== Segment start ==

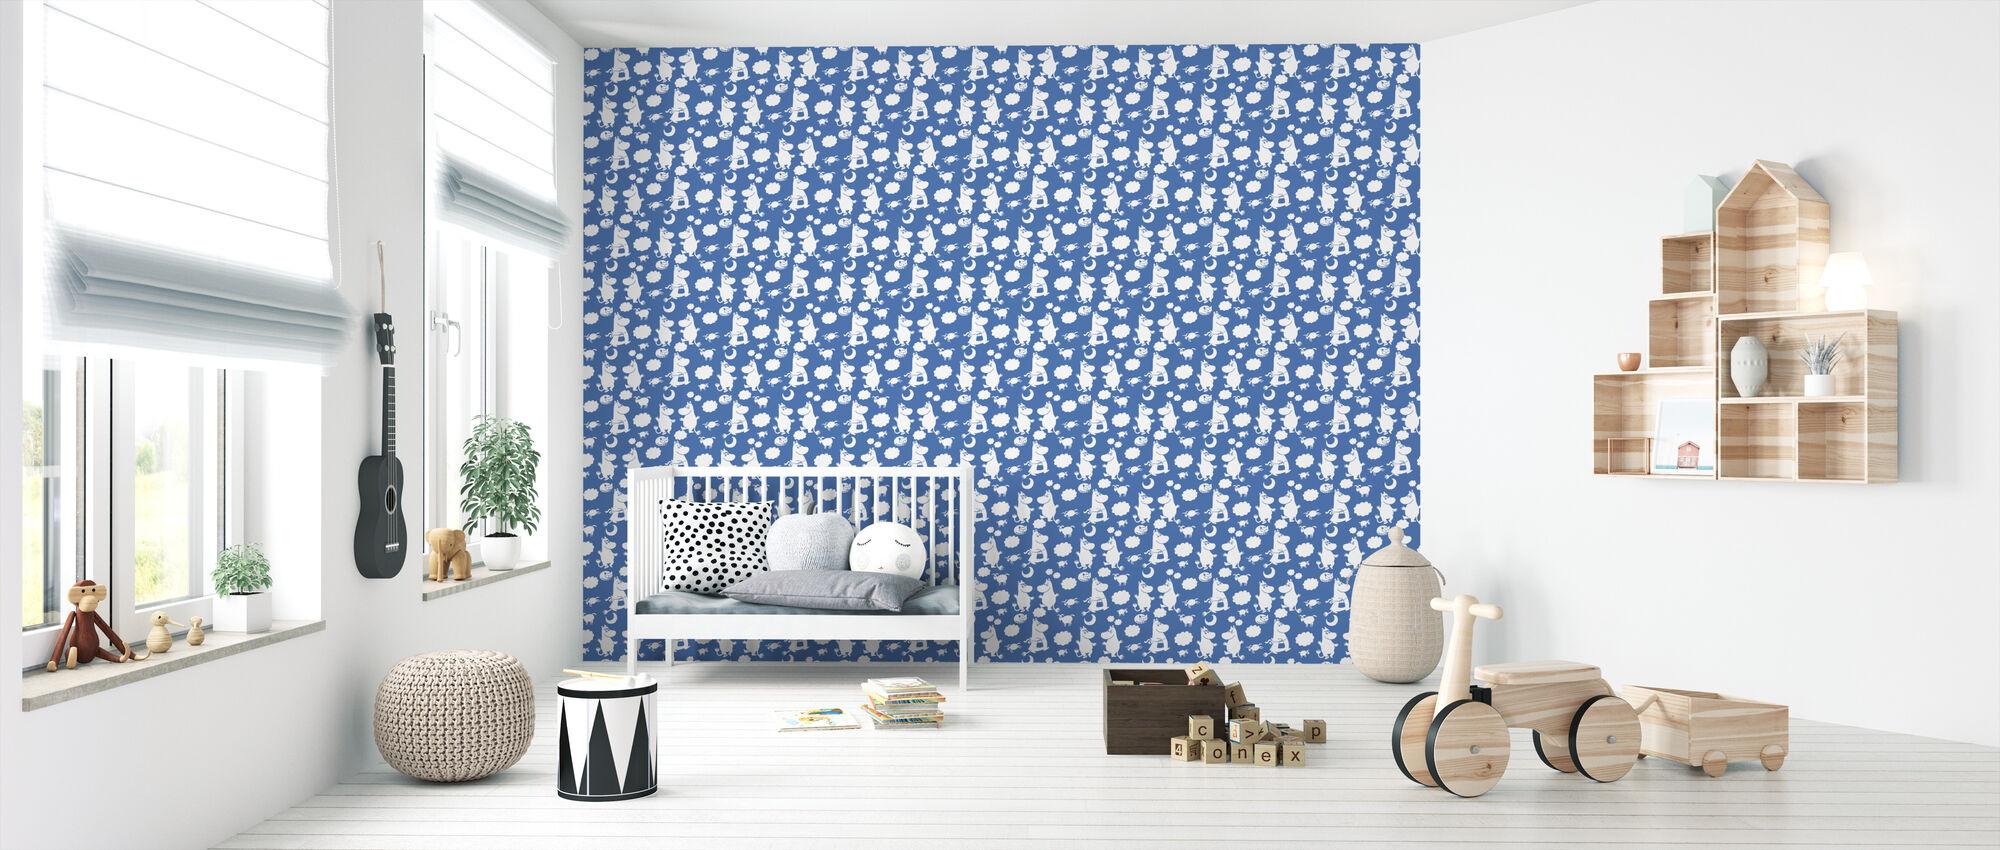 Muumi Retro Pattern - Sininen - Tapetti - Vauvan huone
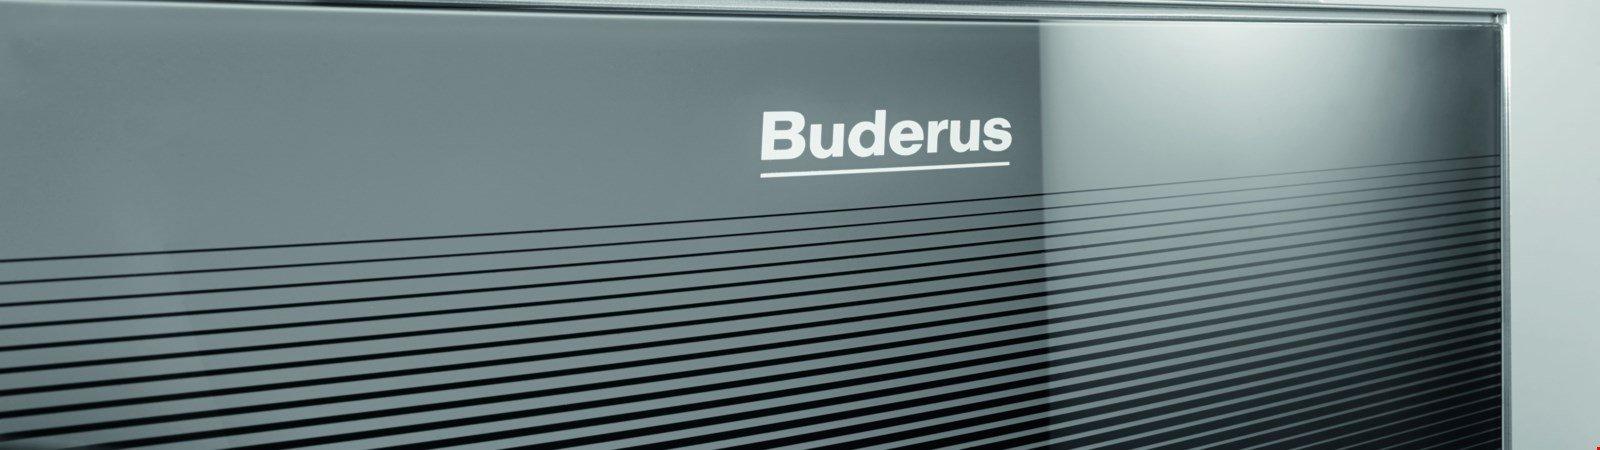 Buderus Ölheizungen: Klassiker mit moderner Brennwerttechnik in Markenqualität
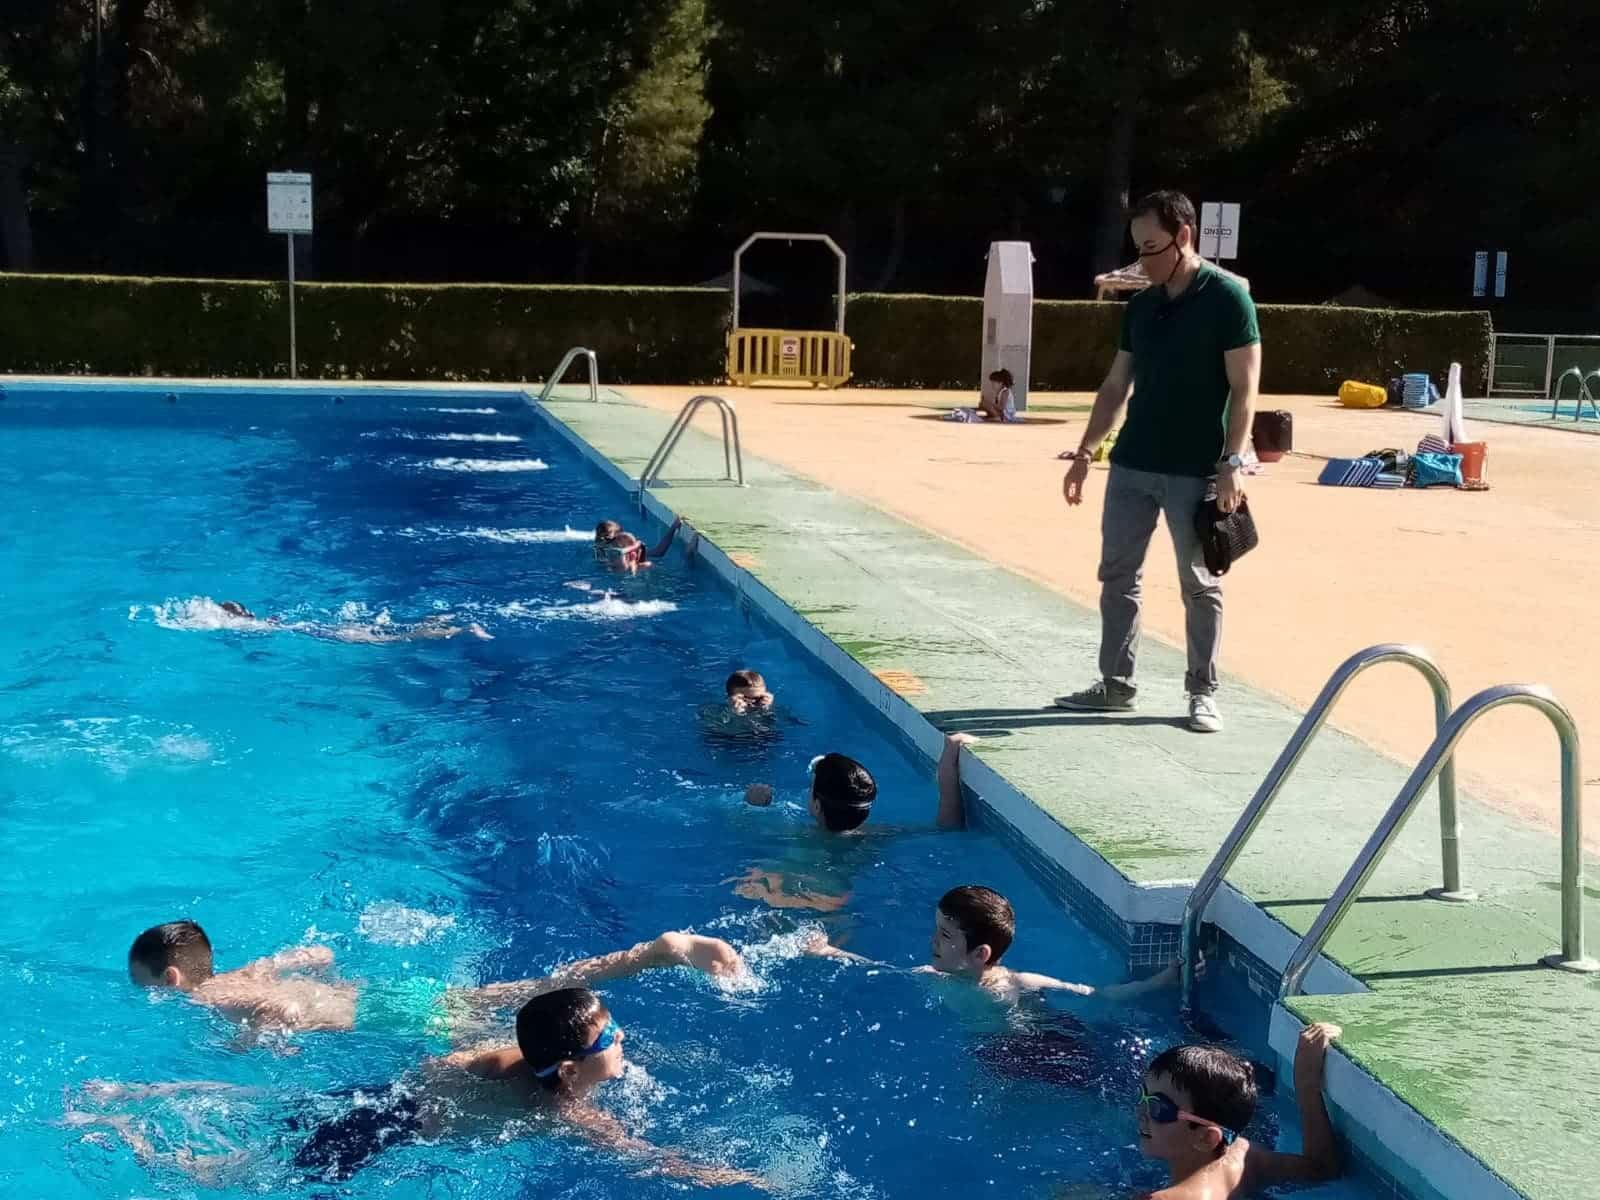 Los cursillos de natación comienzan en Herencia con seguridad 8

== Segment end ==

WHAT NEEDS TO BE DONE: Copy exactly what appears from the line holding "Buderus Ölheizungen: Klassiker" to the end of the material, keeping both end lines. Pictures are not part of the copy.

ANSWER BOX:
 Buderus Ölheizungen: Klassiker mit moderner Brennwerttechnik in Markenqualität
 Los cursillos de natación comienzan en Herencia con seguridad 8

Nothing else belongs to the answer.